Metaphysical Mixology — A Cocktail Menu

By:
paul.mooney59@gmail.com

The Known Universe

Purveyor of Specialty Cocktails & Fine Spirits

Hours: Open from the start of the Planck Epoch until Midnight on The Bulletin of Atomic Scientists’ Doomsday Clock

Measurable Time — Four shots of vodka (one for each dimension) poured into an hourglass. Sprinkle liberally with cesium-133. Drink in its entirety in the time it takes for the cesium to undergo 9,192,631,770 periods of radiation transitioning between two hyperfine levels of its ground state.

Fleeting Contentment — Half a shot of Johnny Walker Blue poured into a pint glass, the rest of which is filled with tap water.

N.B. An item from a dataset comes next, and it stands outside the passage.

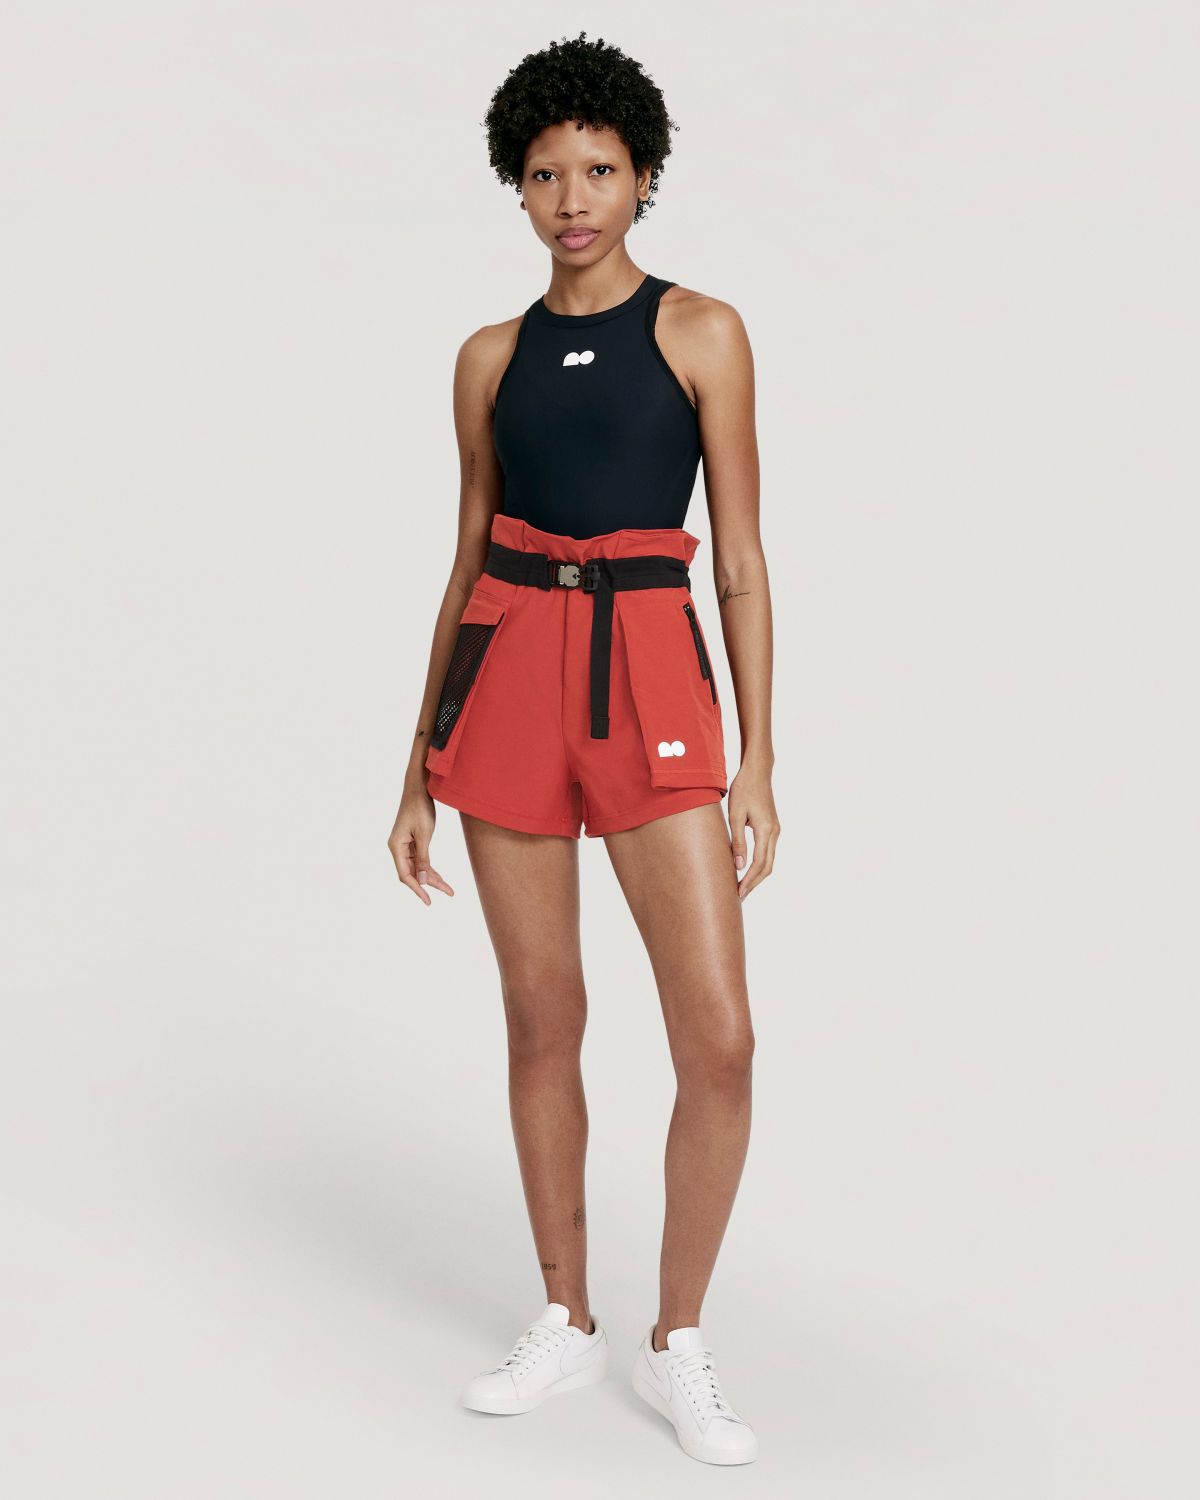 Naomi Osaka’s Second Nike Apparel Collection [Detailed Photos]

The Visible Spectrum (or The ROYGBV) — Equal parts Fireball whiskey, Cointreau, oro tequila, absinthe verte, blue Curaçao, and Cabernet Sauvignon. Stirred with a flashlight and served in a pair of laboratory goggles.

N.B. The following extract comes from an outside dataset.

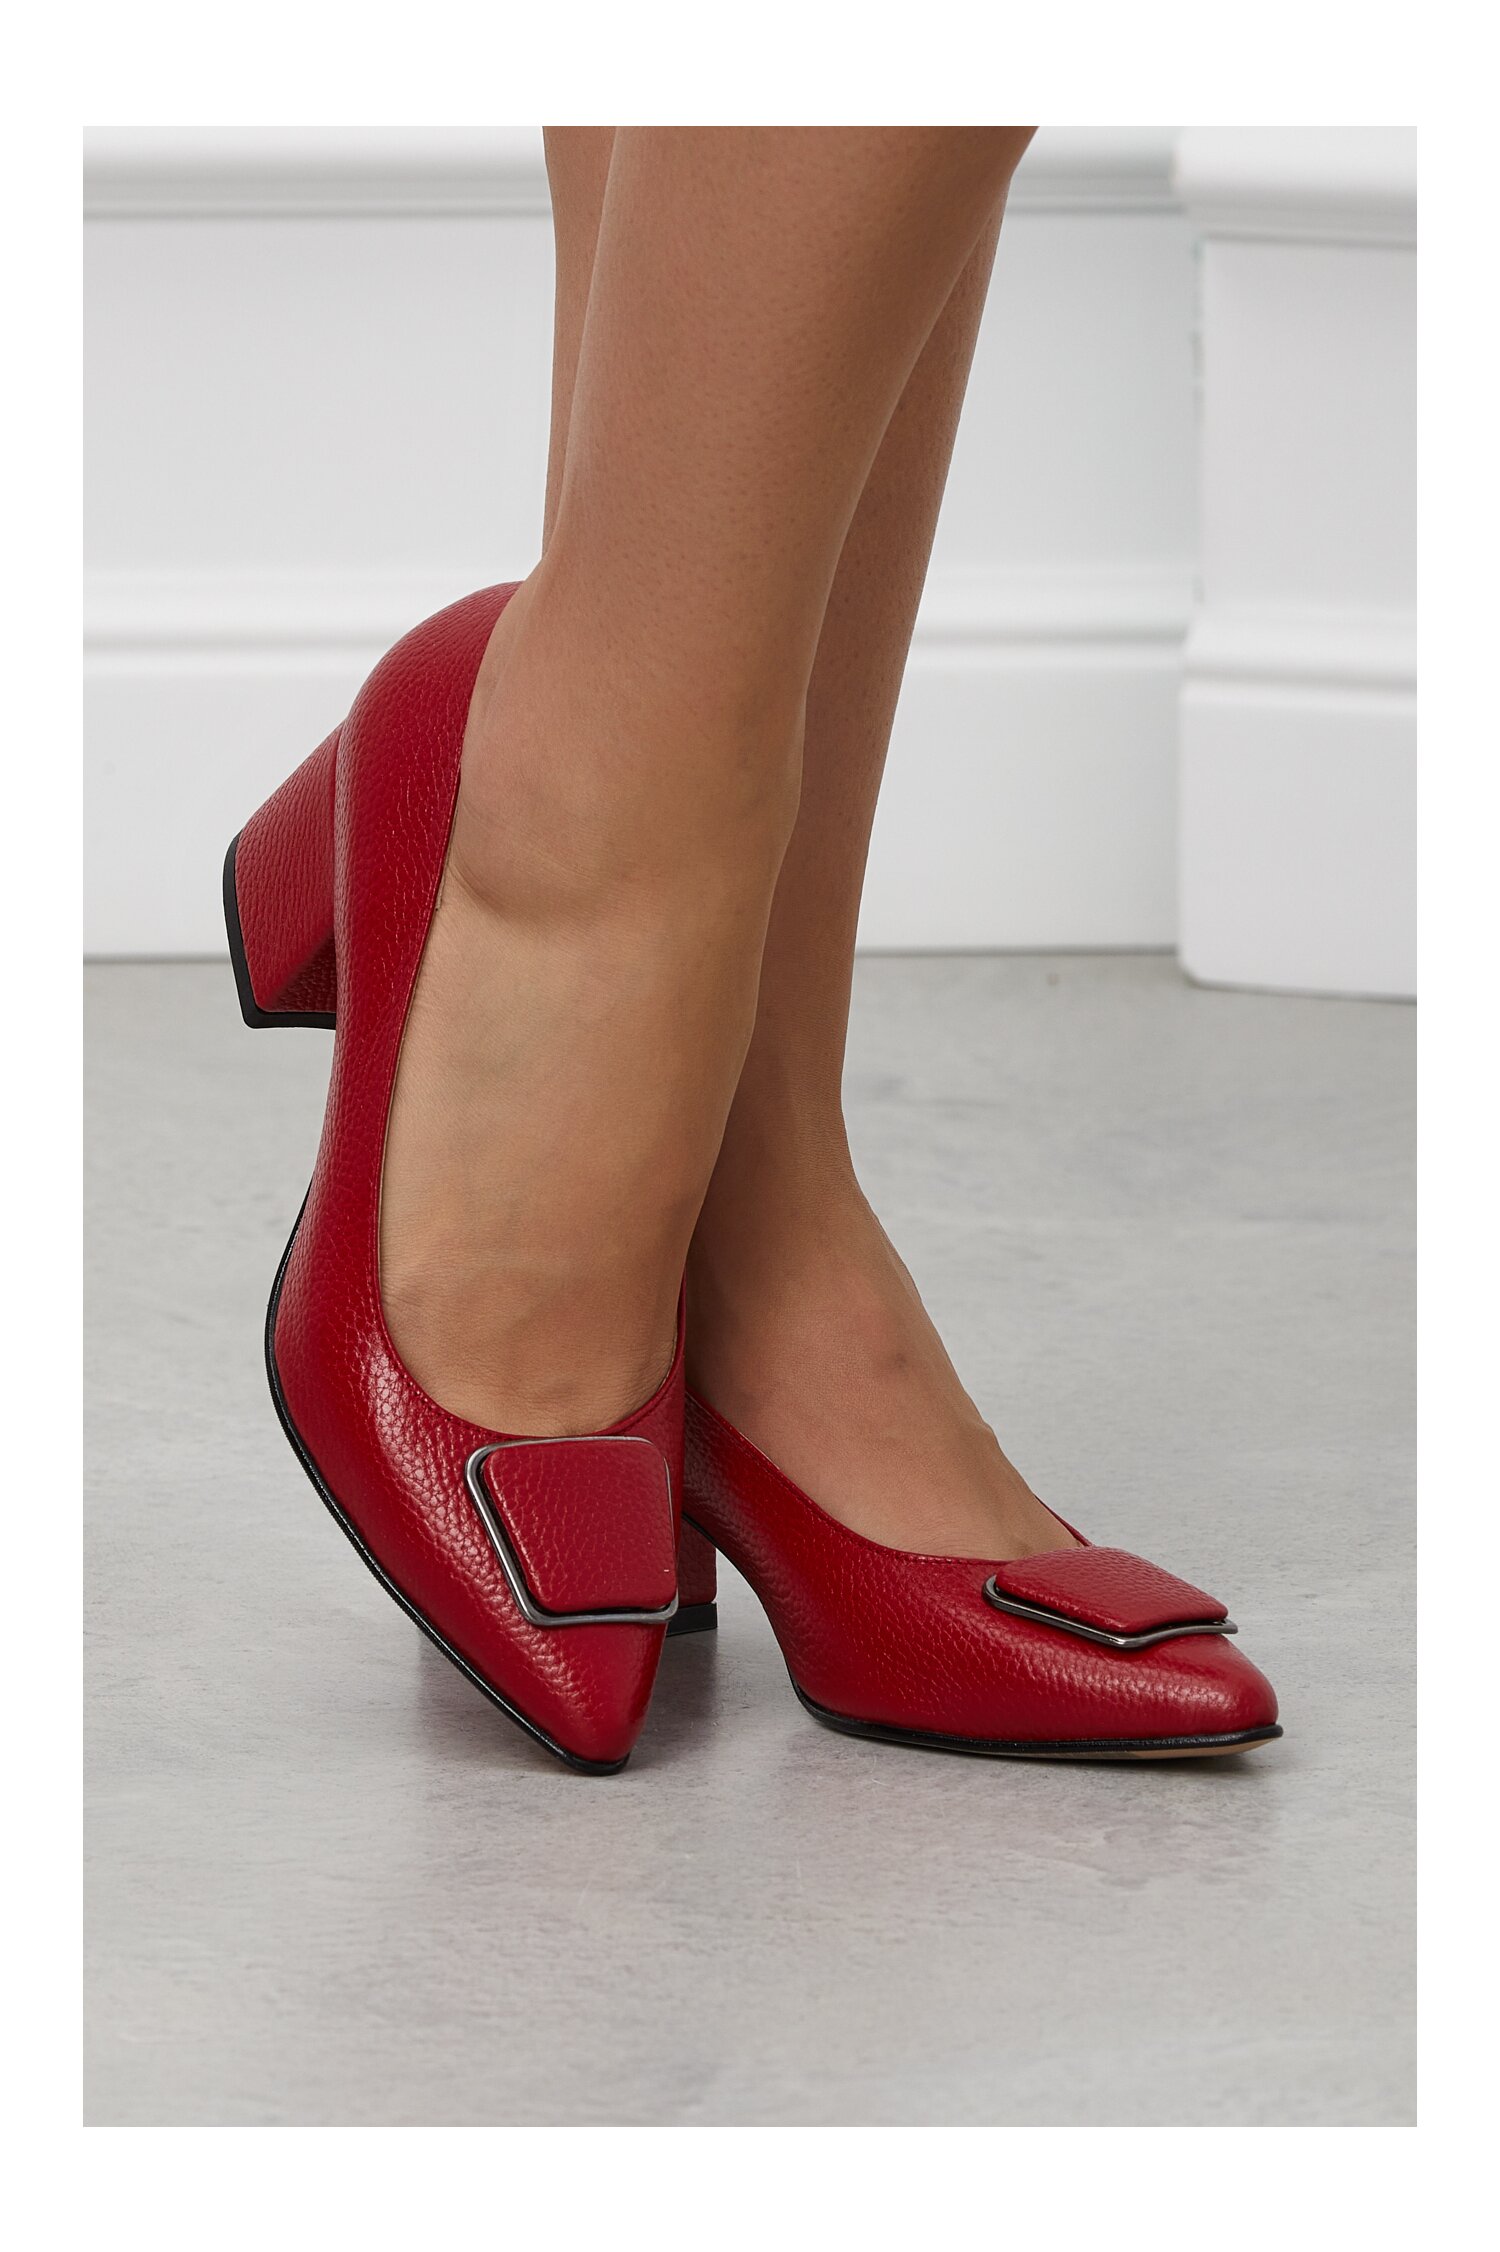 Pantofi rosu inchis cu aplicatie pe varf dyfashion.ro imagine 2022 13clothing.ro

The Metabolism — Coffee liqueur and club soda mixed in a sourdough bread bowl.

Tactile Perceptions — Leather glove filled two-thirds with spiced rum and crushed ice. Topped with grain alcohol and lit on fire (bar is not liable for failure to extinguish prior to consumption).

Emotions — Our most expensive Barolo mixed with two shots of our cheapest bourbon in a child’s sippy cup. Served while the bartender kisses you passionately on the mouth, then quietly whispers how much happier all your exes are without you.

Existential Suffering — Your all-time favorite mixed drink served in a gag dribble glass.

Thirst for Knowledge — A blended margarita with a twist: lots and lots of salt. Like, a shitload of salt. Too much salt, frankly. It’s basically a bucket of salt with some crushed ice and tequila drizzled on. Garnished with a slice of fresh lime.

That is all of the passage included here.